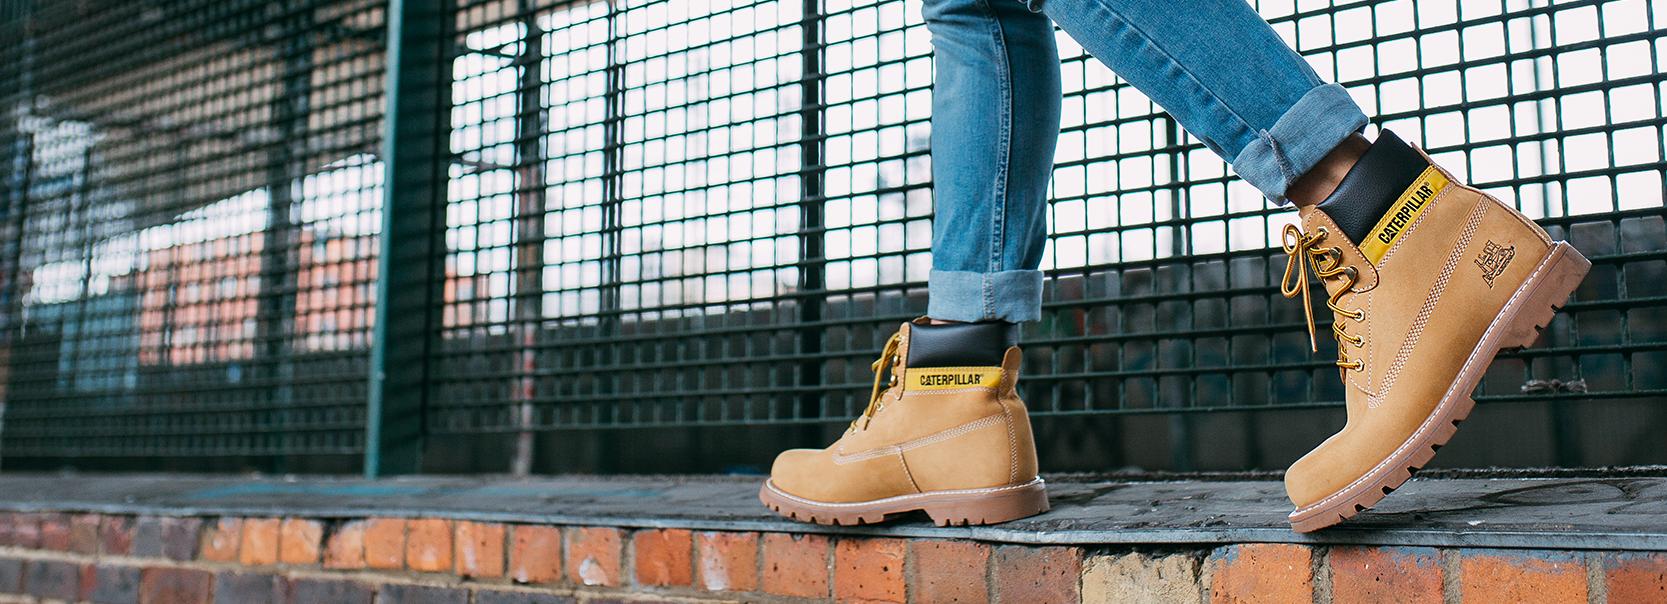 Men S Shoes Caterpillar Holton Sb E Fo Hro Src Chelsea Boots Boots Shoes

+===+

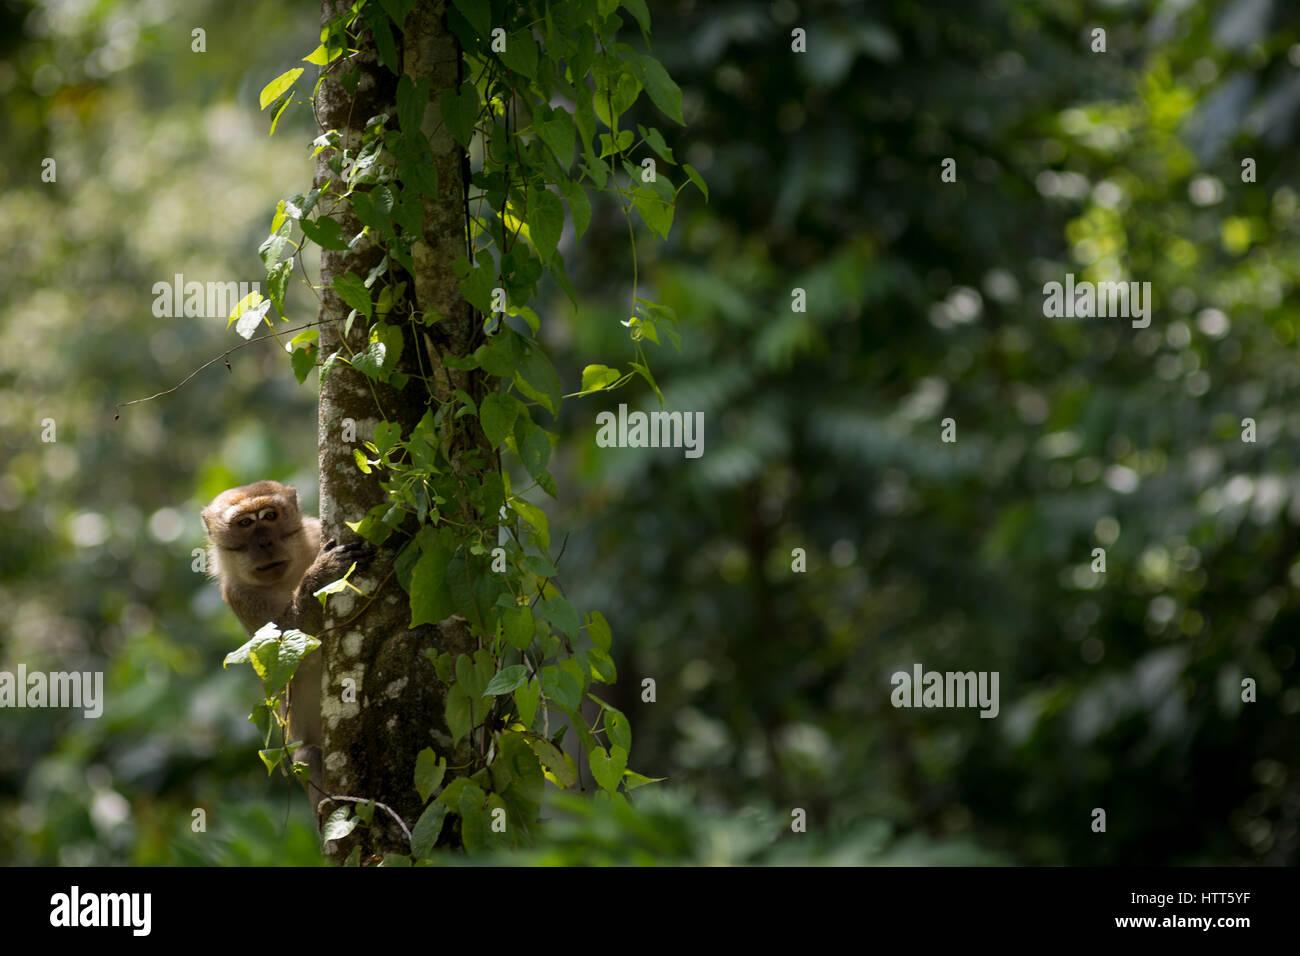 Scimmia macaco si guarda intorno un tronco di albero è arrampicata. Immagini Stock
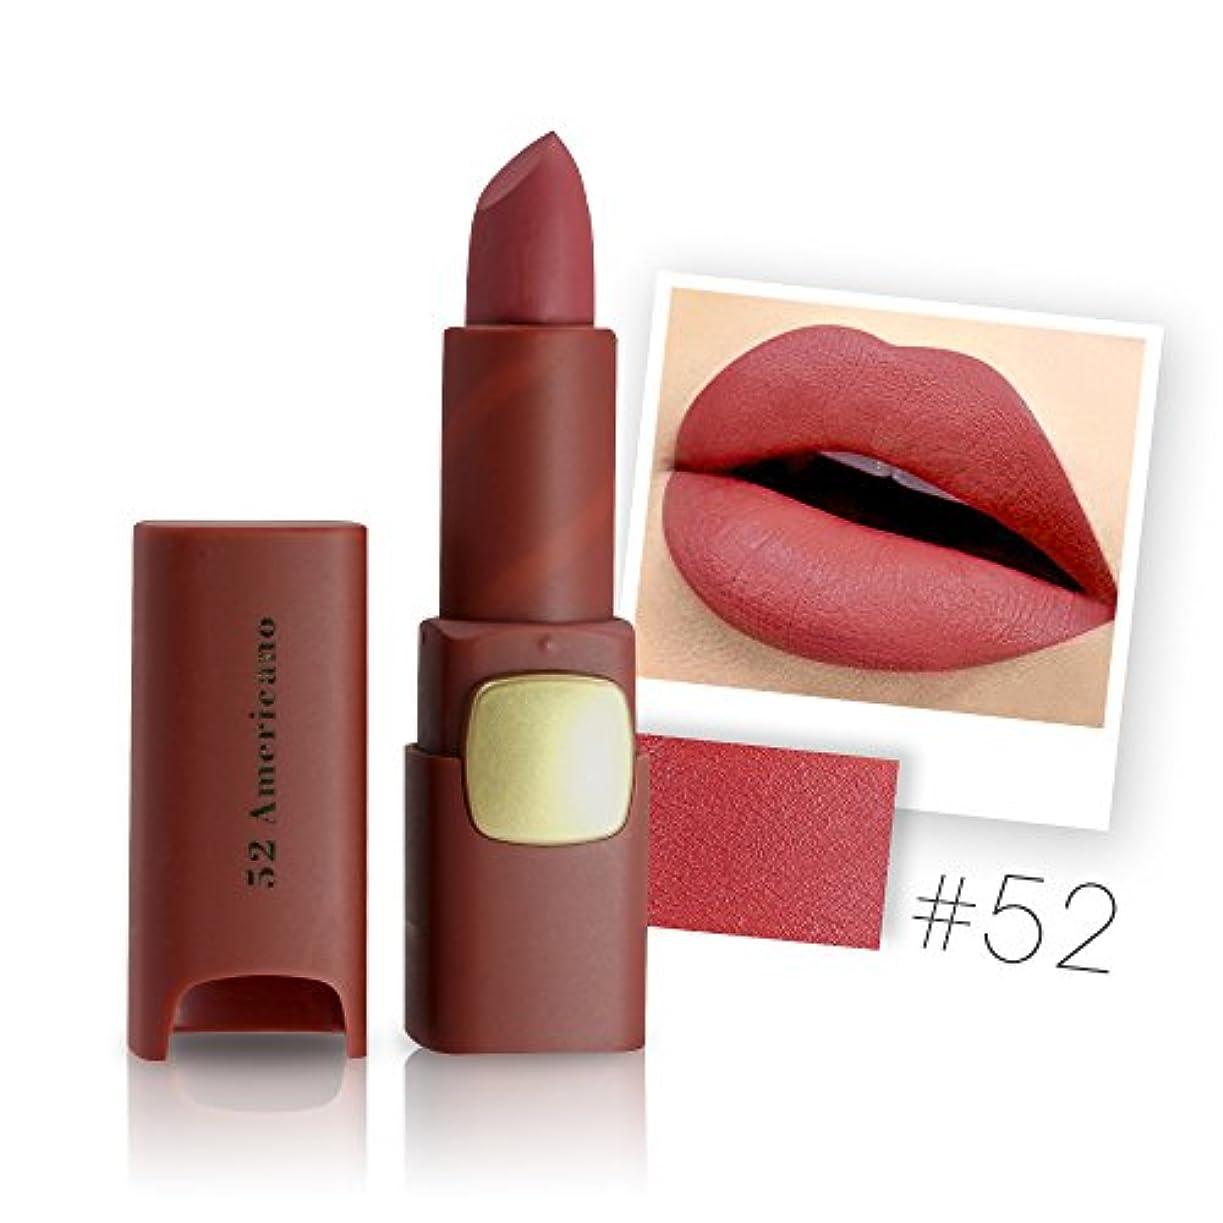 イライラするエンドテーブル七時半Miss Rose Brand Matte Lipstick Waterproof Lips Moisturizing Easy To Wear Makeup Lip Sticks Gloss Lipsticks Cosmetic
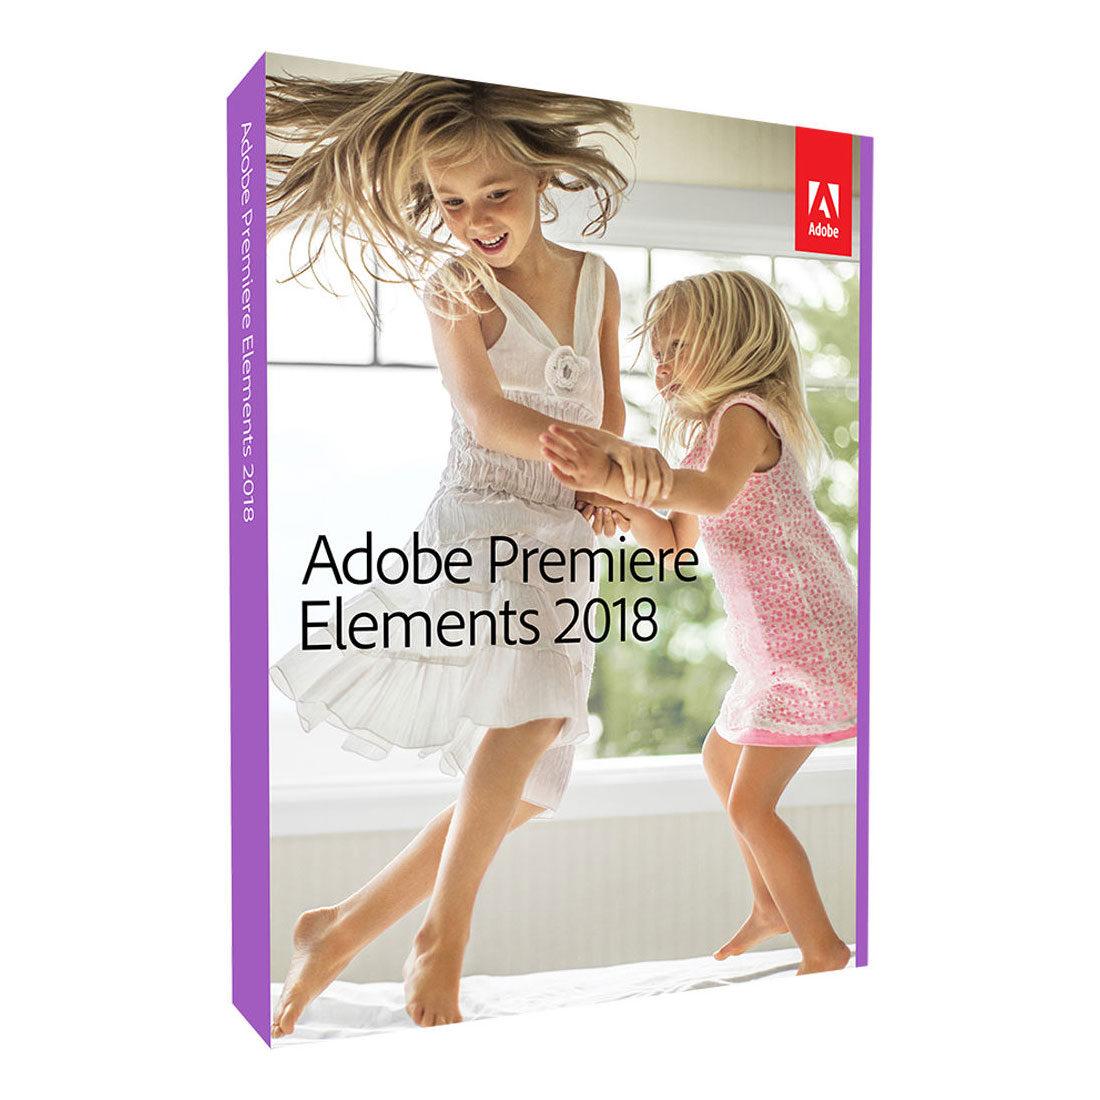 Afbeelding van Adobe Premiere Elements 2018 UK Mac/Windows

+===+

* [BRIEF] Exactly reproduce the lines above, starting at the one that contains "Scimmia macaco si" and ending at the one that contains "Afbeelding van Adobe", both inclusive; leave the pictures out and add no other lines.

* [SOLUTION FOR THIS PROBLEM]
 Scimmia macaco si guarda intorno un tronco di albero è arrampicata. Immagini Stock
 イライラするエンドテーブル七時半Miss Rose Brand Matte Lipstick Waterproof Lips Moisturizing Easy To Wear Makeup Lip Sticks Gloss Lipsticks Cosmetic
 Afbeelding van Adobe Premiere Elements 2018 UK Mac/Windows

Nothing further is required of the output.